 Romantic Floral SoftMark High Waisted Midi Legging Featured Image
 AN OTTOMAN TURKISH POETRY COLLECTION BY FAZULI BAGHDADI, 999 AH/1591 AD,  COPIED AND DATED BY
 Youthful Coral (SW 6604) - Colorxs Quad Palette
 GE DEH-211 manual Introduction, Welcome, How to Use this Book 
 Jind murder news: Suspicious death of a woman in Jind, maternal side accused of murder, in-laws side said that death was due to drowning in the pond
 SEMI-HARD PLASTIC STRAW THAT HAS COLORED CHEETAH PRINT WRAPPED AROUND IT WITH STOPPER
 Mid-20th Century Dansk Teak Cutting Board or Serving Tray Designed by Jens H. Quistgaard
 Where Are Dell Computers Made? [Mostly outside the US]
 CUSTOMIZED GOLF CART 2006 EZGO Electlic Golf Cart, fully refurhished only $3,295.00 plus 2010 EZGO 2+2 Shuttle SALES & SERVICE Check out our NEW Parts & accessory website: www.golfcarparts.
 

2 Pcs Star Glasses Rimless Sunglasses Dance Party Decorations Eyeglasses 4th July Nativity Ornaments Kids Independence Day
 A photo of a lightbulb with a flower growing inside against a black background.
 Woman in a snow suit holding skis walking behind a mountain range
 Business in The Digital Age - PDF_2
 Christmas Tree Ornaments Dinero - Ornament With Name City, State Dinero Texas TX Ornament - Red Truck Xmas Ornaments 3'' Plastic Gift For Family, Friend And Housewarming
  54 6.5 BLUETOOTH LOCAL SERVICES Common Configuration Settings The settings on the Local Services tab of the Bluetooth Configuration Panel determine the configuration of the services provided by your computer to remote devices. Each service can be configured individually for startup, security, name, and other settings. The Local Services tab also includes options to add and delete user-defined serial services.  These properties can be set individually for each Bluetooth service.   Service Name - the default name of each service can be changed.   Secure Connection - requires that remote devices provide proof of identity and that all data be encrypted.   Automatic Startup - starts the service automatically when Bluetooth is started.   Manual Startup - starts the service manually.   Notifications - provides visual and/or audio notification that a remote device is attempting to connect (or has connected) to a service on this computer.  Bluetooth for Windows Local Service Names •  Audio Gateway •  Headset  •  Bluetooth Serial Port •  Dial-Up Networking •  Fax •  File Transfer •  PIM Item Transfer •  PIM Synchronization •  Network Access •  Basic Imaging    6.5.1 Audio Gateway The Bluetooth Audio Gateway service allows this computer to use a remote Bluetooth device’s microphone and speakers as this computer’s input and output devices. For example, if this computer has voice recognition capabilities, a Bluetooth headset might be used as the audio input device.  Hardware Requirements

━━━

TASK STATEMENT:
Which lines above run from the one containing "CUSTOMIZED GOLF CART" to the one containing "Business in The Digital Age - PDF_2"? Give them again exactly, both ends included.

REPLY:
 CUSTOMIZED GOLF CART 2006 EZGO Electlic Golf Cart, fully refurhished only $3,295.00 plus 2010 EZGO 2+2 Shuttle SALES & SERVICE Check out our NEW Parts & accessory website: www.golfcarparts.
 

2 Pcs Star Glasses Rimless Sunglasses Dance Party Decorations Eyeglasses 4th July Nativity Ornaments Kids Independence Day
 A photo of a lightbulb with a flower growing inside against a black background.
 Woman in a snow suit holding skis walking behind a mountain range
 Business in The Digital Age - PDF_2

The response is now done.